In light of the ridiculous review of Unfit for Command highlighted by the Trunk below, it is interesting that Daniel Okrent, the paper’s “Public Editor,” has a column today about the Times’ election year coverage. While Okrent purports to reject the usual newspaper proof of objectivity–it gets complaints from both liberals and conservatives–it appears to me that this is, in essence, what his defense comes down to. He finds the Times to be perfectly well-balanced in its election-year coverage.
Most interesting to me is Okrent’s conclusion. He is angry about the abuse being received by some Times reporters:

This piece turned out to be more of a rant than I intended, but given the vicious nature of some of the attacks levied against certain reporters, I wasn’t inclined to be temperate. There are many critics of The Times’s election coverage who are measured and reasonable, and their views – very different from my own – will be represented in this space next week. I also don’t wish to discourage readers who in good faith find errors, misrepresentations or unfair characterizations. They may occur randomly [Ed.: I don’t think they’re random at all], but their frequency is disappointing, and I’ll continue to forward meritorious complaints to the appropriate editors and reporters….
But before I turn over the podium, I do want you to know just how debased the level of discourse has become. When a reporter receives an e-mail message that says, “I hope your kid gets his head blown off in a Republican war,” a limit has been passed.

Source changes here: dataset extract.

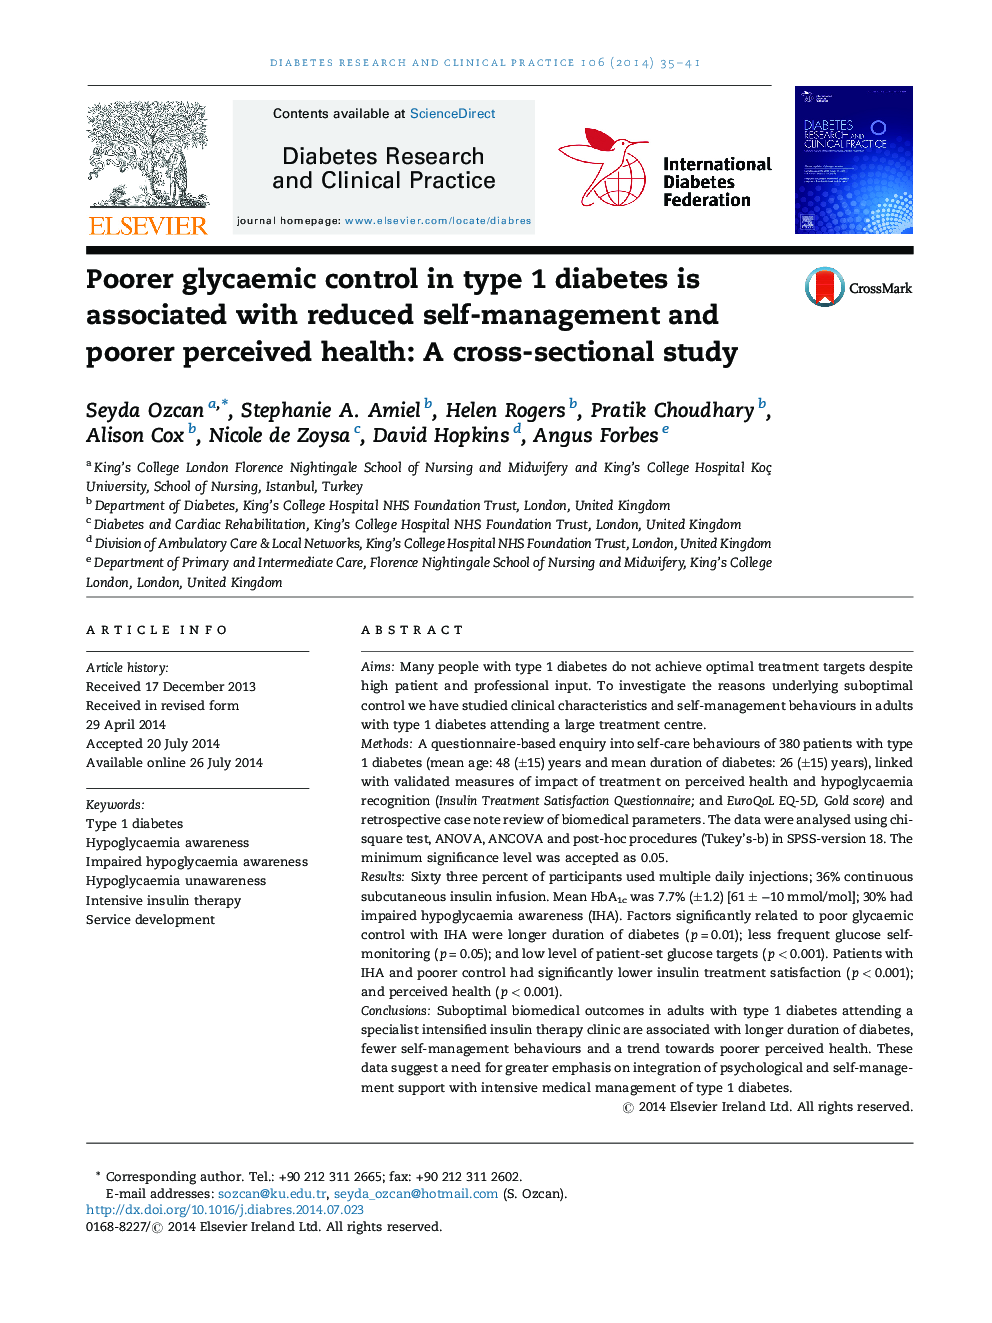 کنترل ضعیف گلیکوزمی در دیابت نوع 1 با کاهش خودمراقبت و سلامت درک شده ضعیف همراه است: یک مطالعه مقطعی 
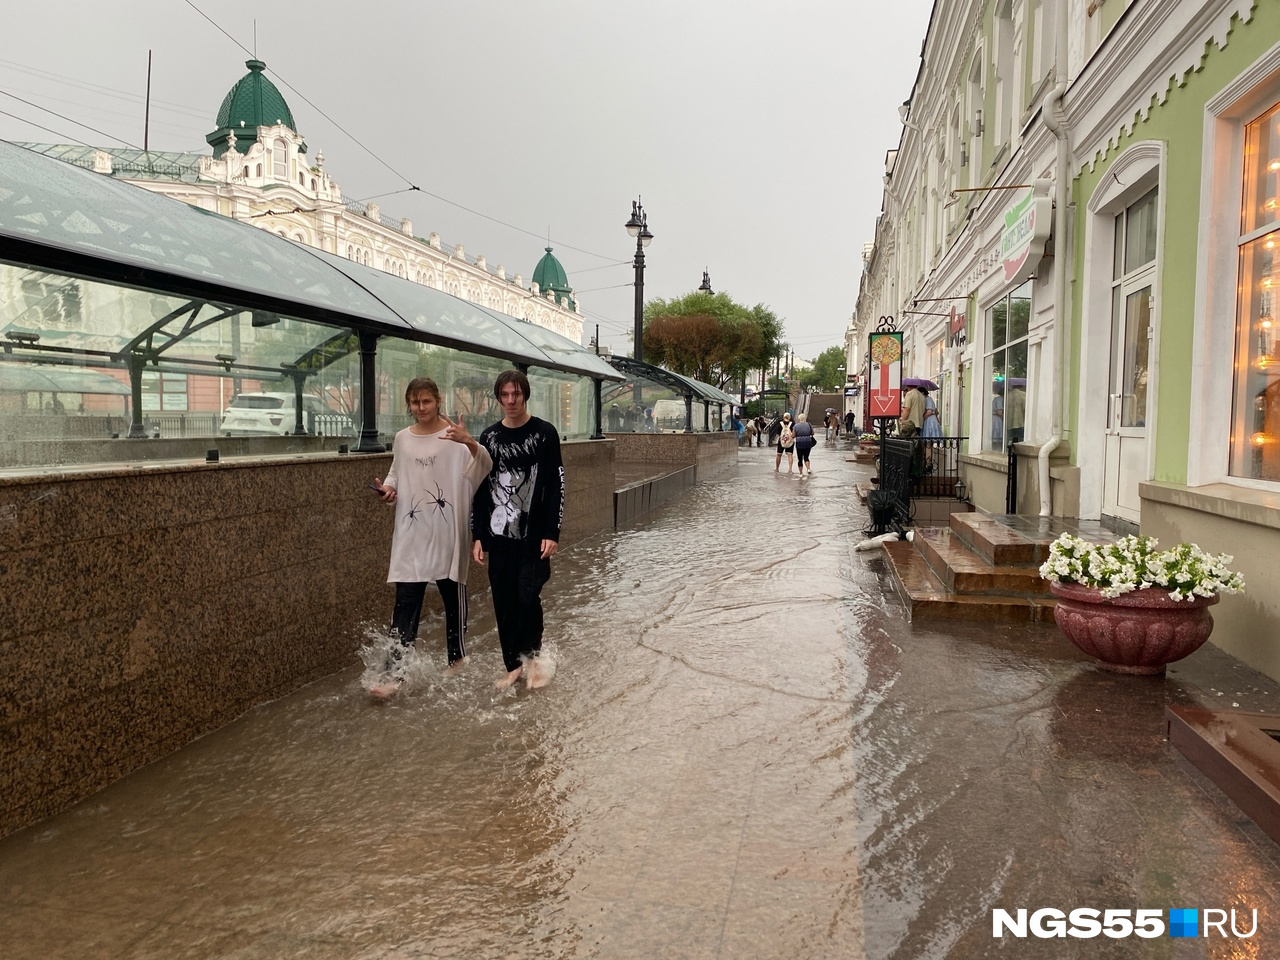 Бассейн в автобусах и рухнувшее в яму авто: показываем последствия ливня в Омске

That’s what a coward named Steve Schwenk, from San Francisco, wrote to national political correspondent Adam Nagourney several days ago because Nagourney wrote something Schwenk considered (if such a person is capable of consideration) pro-Bush. Some women reporters regularly receive sexual insults and threats. As nasty as critics on the right can get (plenty nasty), the left seems to be winning the vileness derby this year. Maybe the bloggers who encourage their readers to send this sort of thing to The Times might want to ask them instead to say it in public. I don’t think they’d dare.

If there is a more anti-Bush reporter than Adam Nagourney, I can’t think who he might be. For leftists to accuse Nagourney of being pro-Bush is ridiculous. It is interesting, I think, that the left has become so crazed that it targets even liberals like Nagourney, and offends even liberals like Okrent, who notes in today’s column that he is a John Kerry voter. (I would add, like pretty much everyone at the Times.)
I also think it’s noteworthy that Okrent can’t resist attributing the “vileness” on the left to bloggers. I agree that there is lots of liberal hate speech on the internet, but to attribute the off-the-rails condition of modern liberalism to a handful of bloggers seems unusually myopic.